La empresa británica Guestscan ofrece el primer servicio europeo de lista negra de clientes de alojamientos hoteleros para que los empresarios del sector (del que proceden precisamente los dueños de la compañía) puedan rechazar sus reservas y, así, evitar daños en sus instalaciones y propiedades.

La compañía, domiciliada en la localidad británica de Bristol, surgió hace cuatro años, inspirada por las propias experiencias negativas de sus fundadores como propietarios de un hotel.

“Decidimos crear un sistema que protegiera a todos los propietarios de establecimientos hoteleros”, explica Neil Campbell, directora de Guestscan, a Europa Press.

Tras un largo periodo de preparación del proyecto para cumplir con toda la normativa británica y europea de protección de datos, Guestscan empezó a funcionar, ofreciendo a propietarios de casas rurales, caravanas, bed&breakfast, hoteles e incluso cruceros diversos servicios.

CLIENTES INDESEABLES.

El principal es una base de datos que los asociados a Guestscan pueden consultar para saber si los clientes que solicitan una reserva han tenido problemas en otros establecimientos con anterioridad.

Campbell explica que para ello los asociados deben incluir en sus condiciones de reserva unas cláusulas adicionales, informando a sus potenciales clientes de que si causan daños o costes económicos en el alojamiento sus datos serán incluidos en la base de datos durante un tiempo de entre dos y cuatro años, en función del problema que hayan provocado.

Una vez se encuentran con un cliente indeseable, las empresas disponen de un formulario “inequívoco” donde detallar la causa de su denuncia, que puede ser de varios tipos: por irse sin pagar, por daño a la propiedad, por comportamientos abusivos hacia el personal o hacia otros clientes, por ruido excesivo, por un número de personas superior al permitido en la habitación, por robo, por fraude e incluso por amenazas y chantaje en forma de malas críticas en Internet para conseguir mejores precios o condiciones.

De hecho, la mayor parte de las denuncias por el momento se deben a ruido, gente que abusa del alcohol o que fuma en las habitaciones, o destrozos de diferente calibre. Sin embargo, también se dan casos de gente que roba elementos de la habitación (como las televisiones) o rompe los detectores de incendio, o incluso que aparca su moto dentro de la estancia, dejando marcas de grasa y huellas por el suelo y las alfombras.

POR UNA LIBRA AL AÑO    

Para acceder a esta lista negra, las compañías asociadas a Guestscan disponen de dos vías. Por una parte, los negocios pequeños pueden consultar de forma manual y gratuita la información sobre un cliente concreto, para saber si ha habido informes negativos sobre él.

Por su parte, las empresas más grandes pueden conectar su sistema de reservas con la base de datos, de modo que cada petición de habitación se compruebe automáticamente. Por ello deben pagar aproximadamente una libra esterlina semanal por cada habitación o propiedad. Guestscan ofrece además cobertura de seguros y soporte técnico para las reservas.

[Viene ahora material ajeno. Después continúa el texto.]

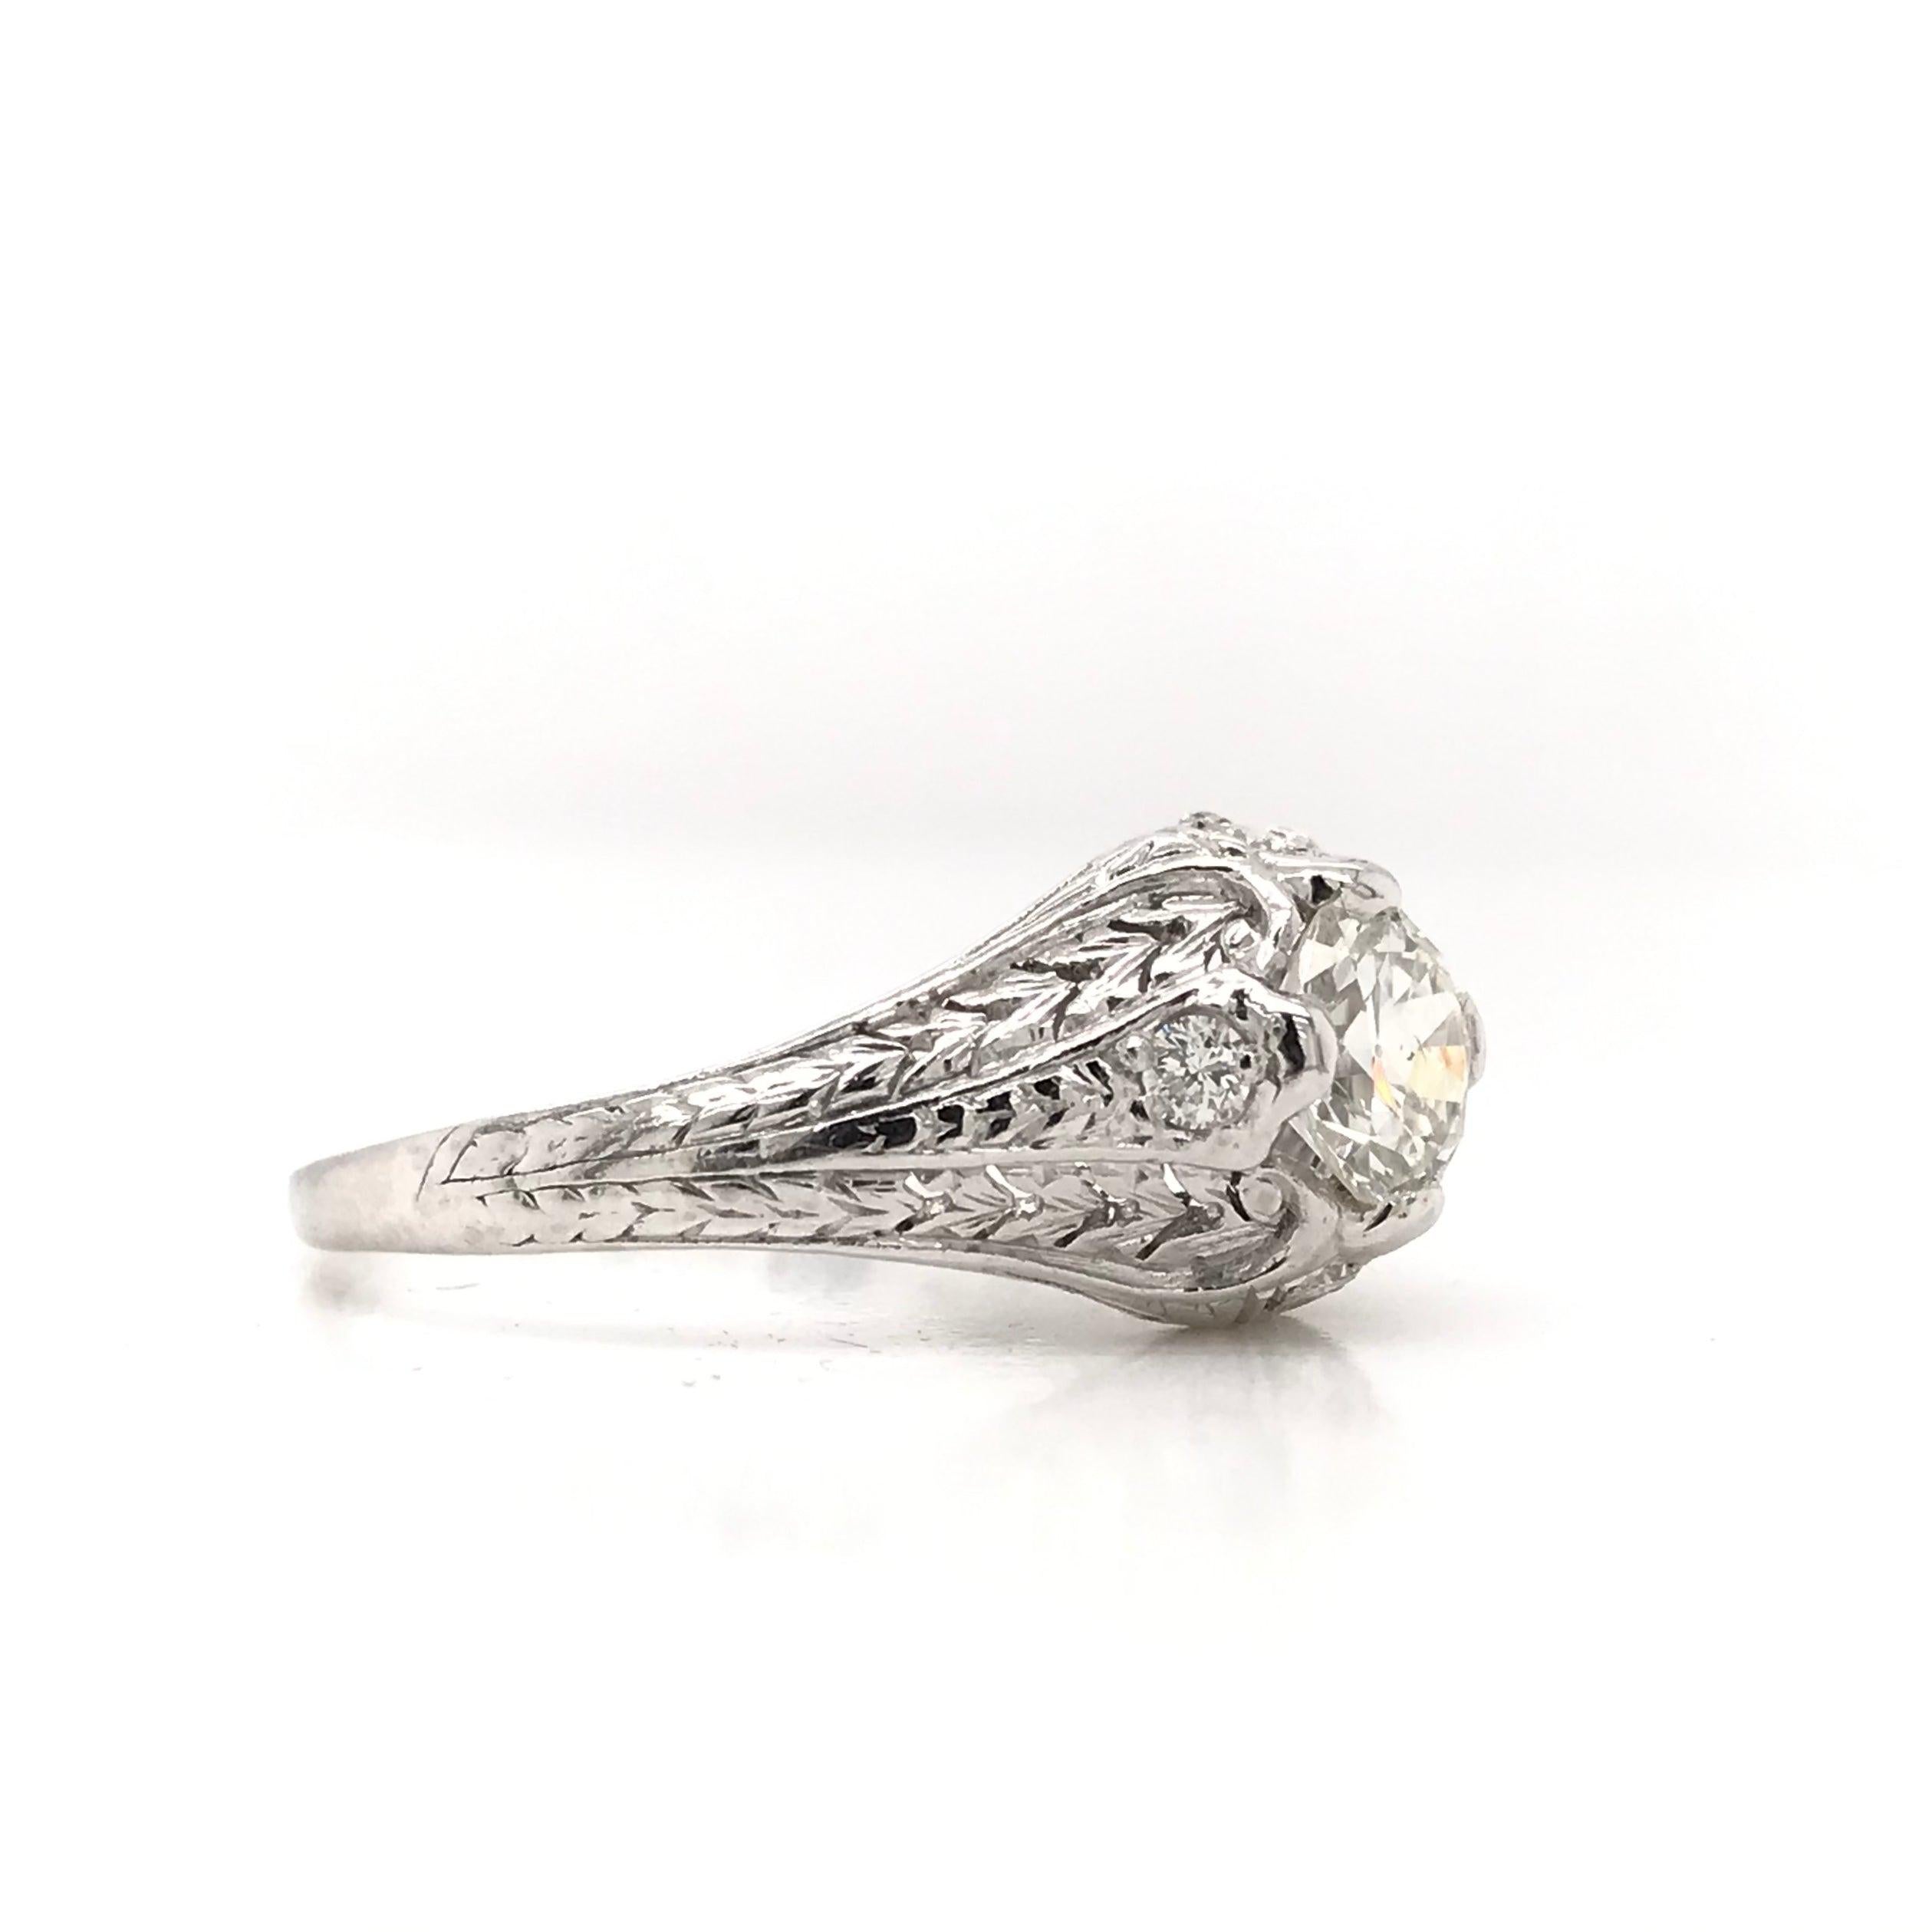 Edwardian 0.71 Carat Diamond and Platinum Solitaire Ring In Excellent Condition For Sale In Montgomery, AL

En ningún caso se aportan detalles concretos sobre cuándo o dónde se produjeron los incidentes ni qué fue lo que motivó la ‘denuncia’, aunque sí se señalan los casos en que haya múltiples casos. Además, antes de incorporar la queja al sistema el equipo de Guestscan comprueba la denuncia y, en cualquier momento, los ciudadanos pueden consultar la información que exista sobre ellos y ejercer su derecho a rectificación.

DE REINO UNIDO A TODA EUROPA

Neil Campbell explica que actualmente el número de empresas asociadas está “creciendo exponencialmente”, aunque declina dar datos concretos sobre el volumen de clientes que tienen o el número de registros en su lista negra.

Sin embargo, sí confirma que, aunque comenzaron su implantación en Reino Unido, actualmente ya cuentan con asociados  de toda la Unión Europea. “También recibimos solicitudes de fuera, pero nos han aconsejado rechazarlas porque suministra información fuera de la UE supondría quebrantar la legislación de protección de datos”, precisa.

En cualquier caso, en su estrategia de crecimiento buscan socios en otros países comunitarios, y están en conversaciones para asociarse con un operador que posee más de un millón de propiedades en todo el continente. Por el momento no se dirigen a otro tipo de negocios como los que permiten webs como Airbnb.